Average Precision Across All Classes: 0.02872233193975974

To predict images with run_ssd_example.py, I made one change, since it gave the error RuntimeError: Expected all tensors to be on the same device, but found at least two devices, cuda:0 and cpu! That’s why I changed the line:

predictor = create_mobilenetv2_ssd_lite_predictor(net, candidate_size=200)

to:

import torch
predictor = create_mobilenetv2_ssd_lite_predictor(net, candidate_size=200,device=torch.device('cuda:0'))

Then using run_ssd_example.py, I predicted objects in the same image. The prediction looks really bad to me…


To me it looks like the training did some things right, but you can see that it is really not good enough.

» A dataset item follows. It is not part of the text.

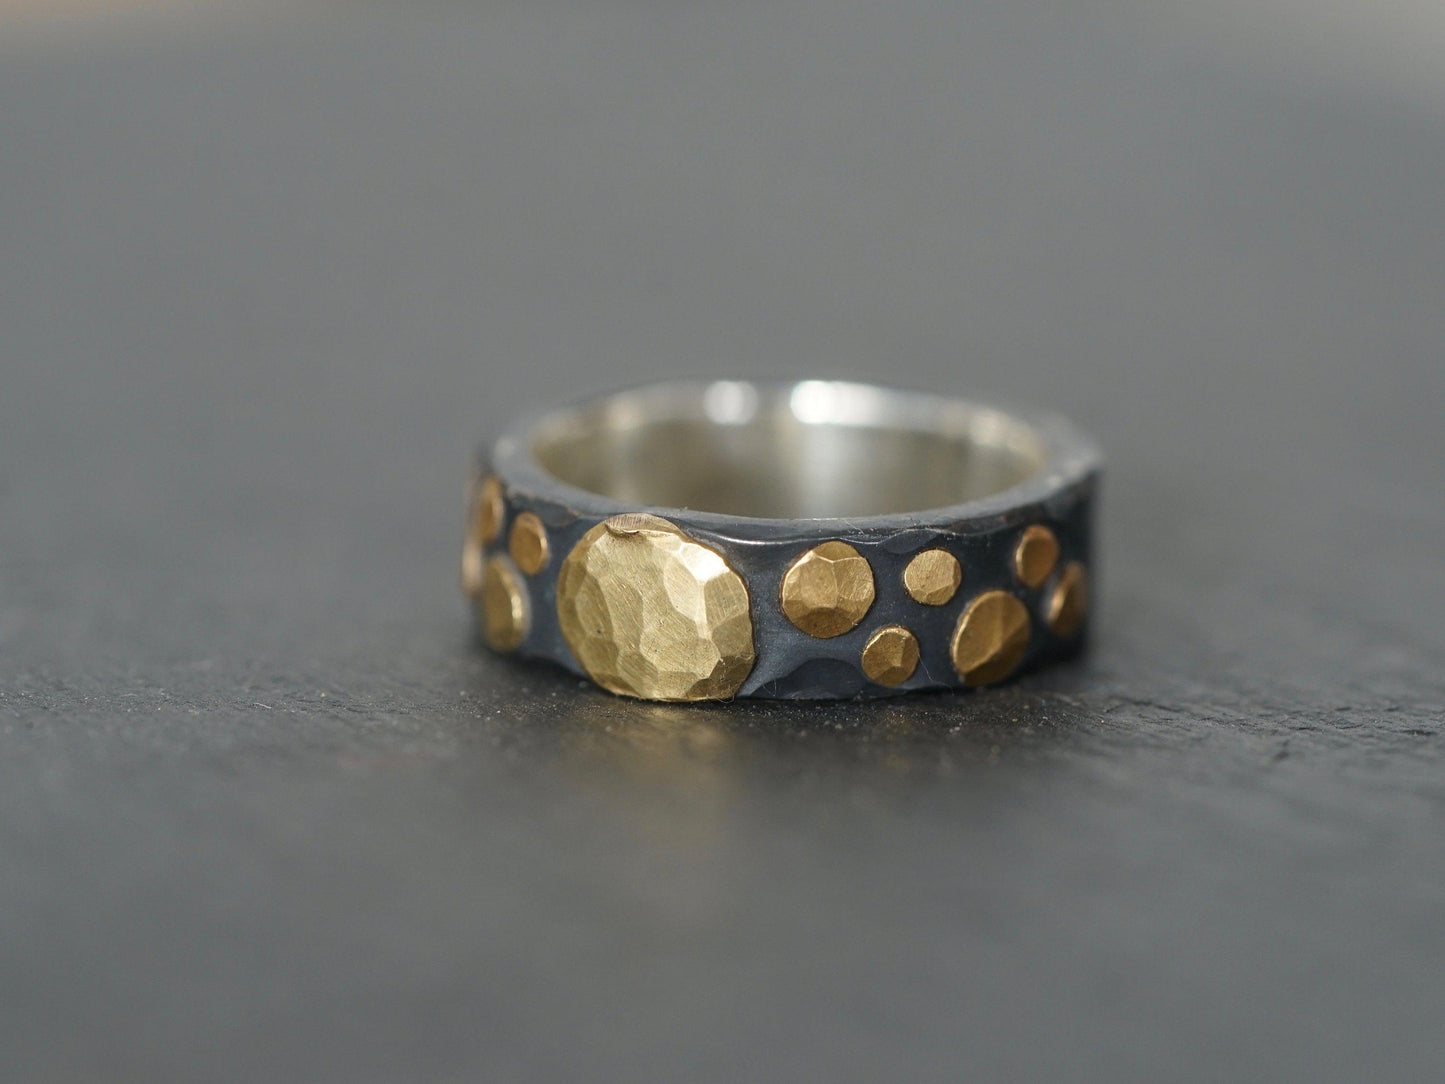 Gold and black ring, size 8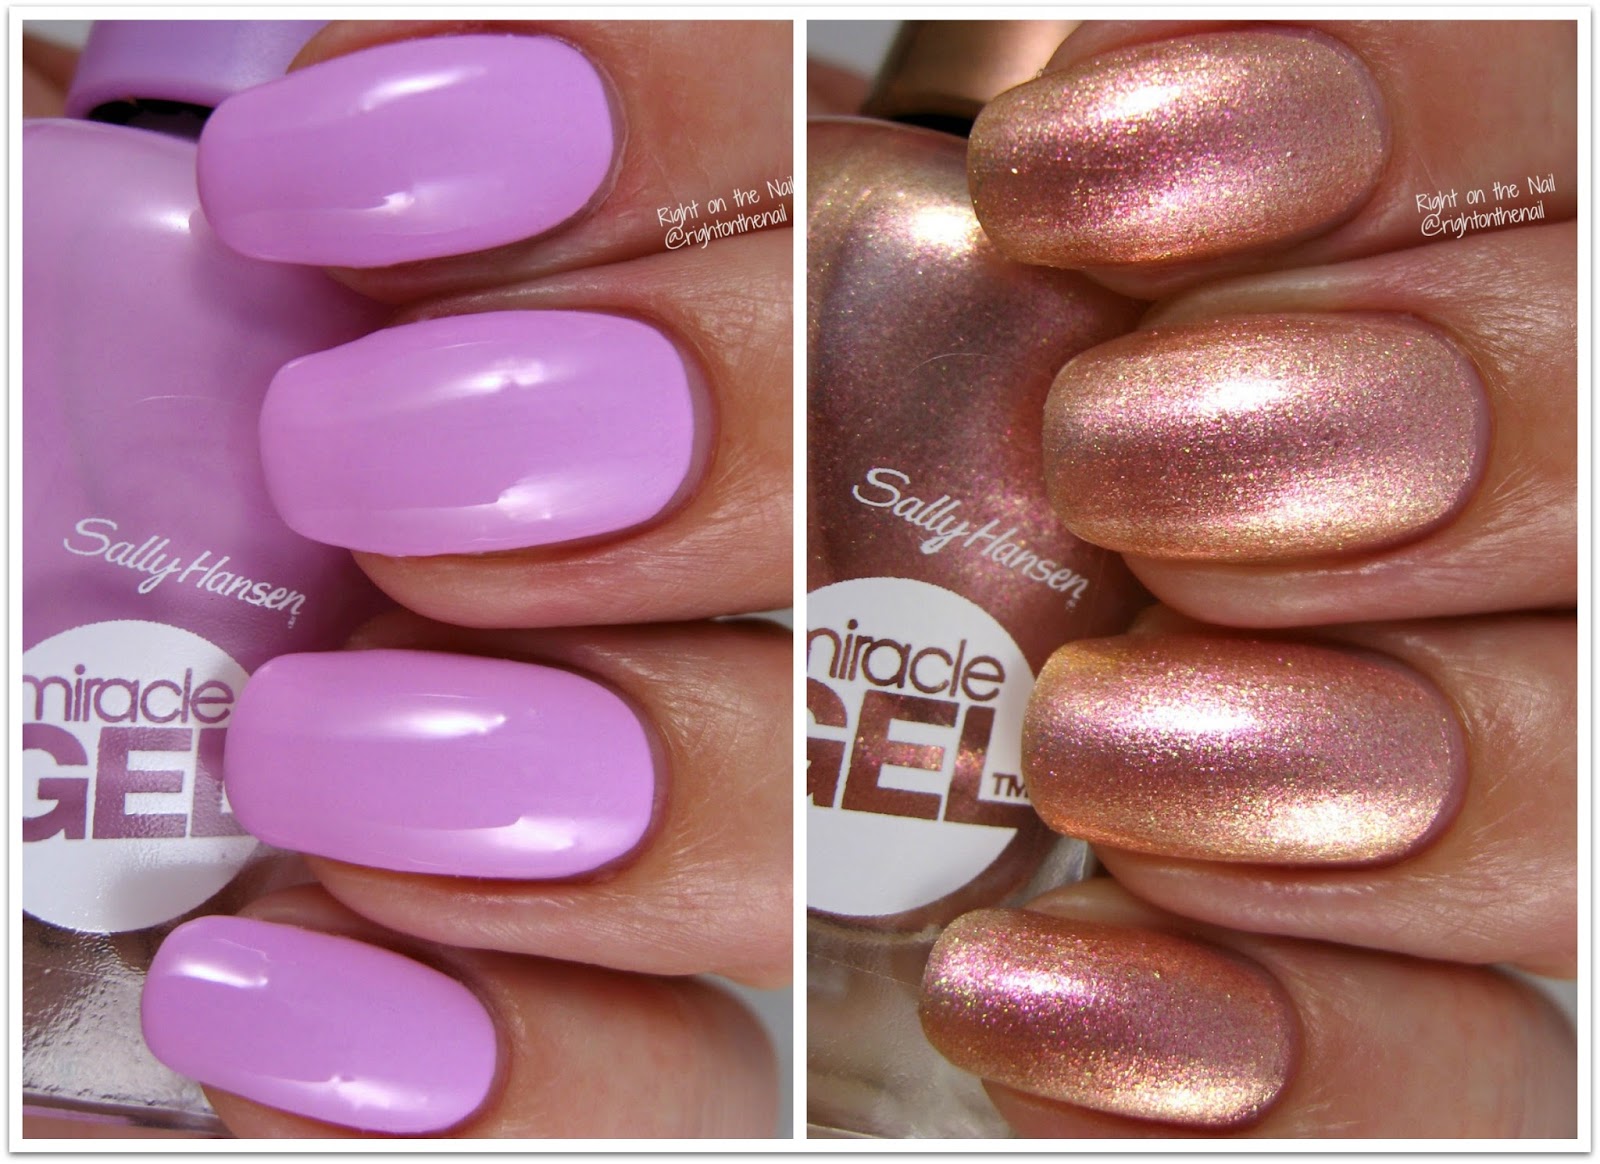 Right on the Nail: Sally Hansen Miracle Gel Travel Stories Romantic  Rendezvous Collection Swatches and Reviews: Orchid-ing Aside and Shhhhimmer

Please note that this image processing is done with pytorch, and not with TensorRT. When I use detectnet with TensorRT, I get similar results thought.

Now that I flooded you with information, I have some questions for you:

  • Any ideas for changing the batch-size and learning-rate (and maybe more options) to make the training work better?
  • As you can see, the precision and predictions are really bad, any idea why? I thought maybe the dataset is too hard for the SSD Mobilenet V2 lite. If so, how can I improve on this, while keeping a real-time model?

Let me know if you could use any more information!

This is an example from the training data, with annotations:

Hi,

Sorry for the late update.

You may need some high resolution detector.
In SSD MobileNet, the input image is rescaled into 300x300.
It will be hard for a detector to distinguish a small bounding box.

Thanks.

Dear AastaLLL,

I have tried to train a model with 512x512 now.
It works already a lot better than the other model, but it is still not perfect.
I guess it is not possible with SSD MobileNet to make it better than that (I do not want to add difficult components myself, only code from jetson-inference pytorch-ssd).
I will regard this question as solved!

Thanks for helping!

This topic was automatically closed 14 days after the last reply. New replies are no longer allowed.